Technique: How to prepare eggplant for Sheik al Mehshee
Aug 16, 2011, Updated Jan 02, 2015
This post may contain affiliate links. Please read our disclosure policy.
Eggplant, it turns out, is a controversial vegetable. As many people hate it as they do love it. Yesterday one of my cousins sent me a message: I love your blog. But I HATE EGGPLANT! I have 70 first cousins, so I’m sure she’s not alone in that crowd. Another friend claims he likes eggplant but it doesn’t like him–he’s allergic, his tongue gets all funny when he eats it. Perhaps…but he’s Lebanese and I suspect he doesn’t want to admit, amid my endless raving about it, that eggplant just doesn’t do it for him. My mother and her sisters, on the other hand, would eat eggplant three meals a day if they could.

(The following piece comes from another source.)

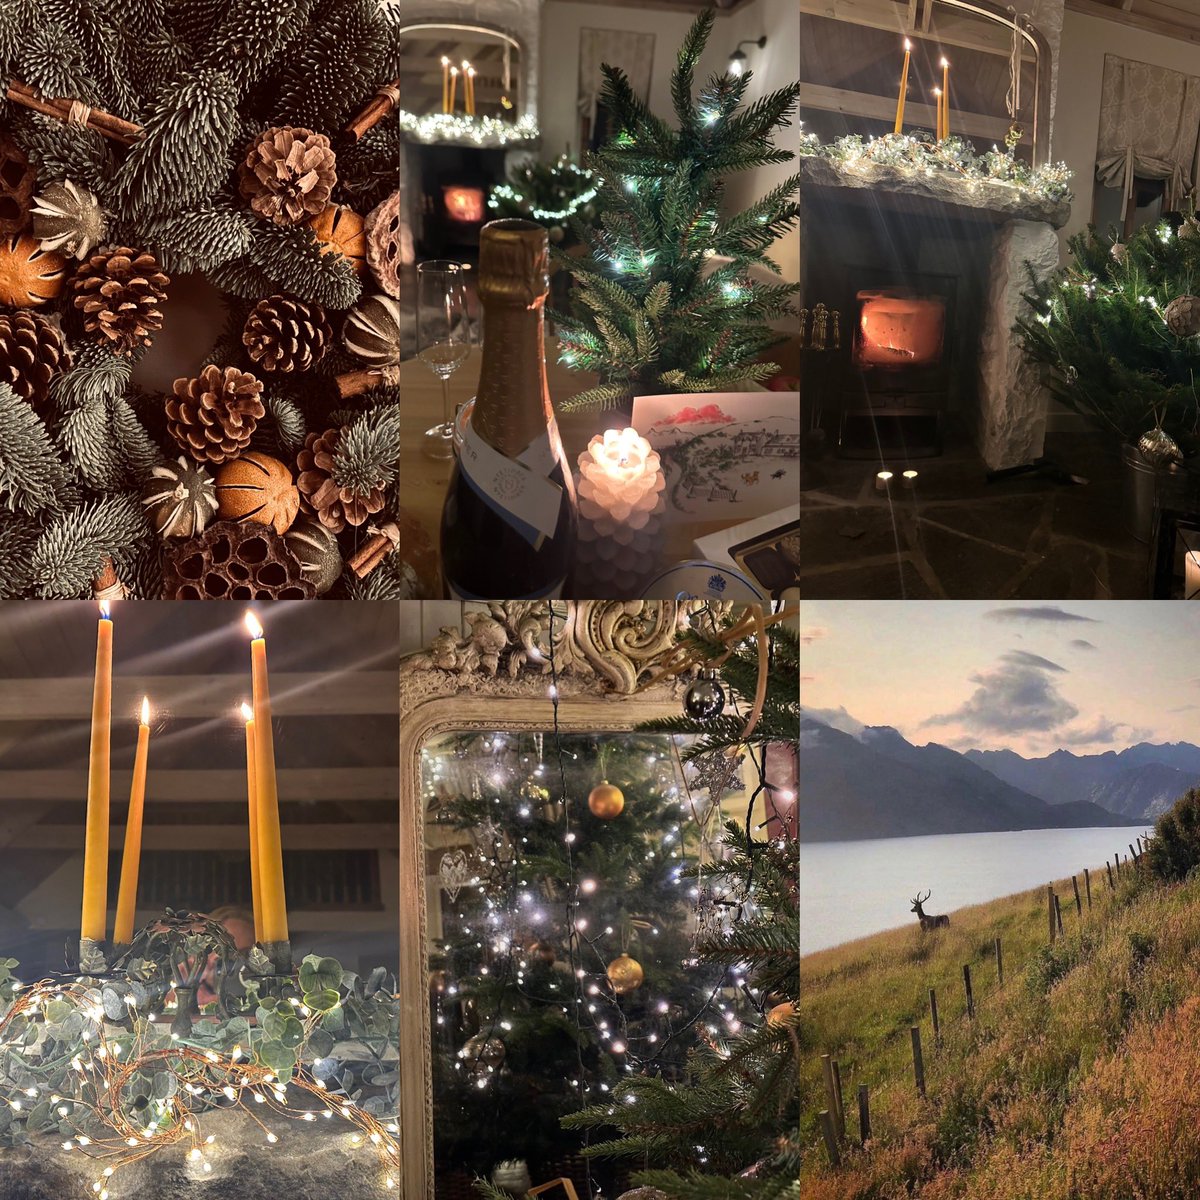 Wishing our guests, our suppliers, our community- the happiest of Christmas’s, the best of New Year’s. We can’t wait to welcome everyone in 2024 to stunning #elgol 

#peace #warmth #scotland #4tourism #skye #highlandsandislands #scotlandthebest #christmas

The controversy continues when it comes to prepping eggplant. To salt drain or not to salt drain? This step can be important, to purge eggplant’s high water content so it won’t, when cooked in oil, absorb too much. The salt drain is also considered a good way to eradicate any bitterness. But it’s an added step that can, if done hastily or incorrectly, end up making your dish taste saltier than the Gulf of Mexico.
I’ve cooked with eggplant both ways, and have read up on where the experts land on the controversy. My take is that it depends on how you’re cooking the eggplant. If you are sautéing in oil, best to drain the cut-up eggplant first so that you won’t use up half of a bottle of that expensive Stone House blend like I did once (my sister never forgave me). If you do salt and drain, leave it in a colander in the sink for at least 45 minutes and up to two hours. Be sure to rinse the eggplant and then press it dry with paper or other clean, dry towels.
But for the truly delicious Lebanese eggplant dish we are making this week, you can eliminate this step. It just doesn’t make enough of a difference, given that in the end the eggplant is cooked to a meltingly soft texture in tomato sauce, with other savory flavors infused.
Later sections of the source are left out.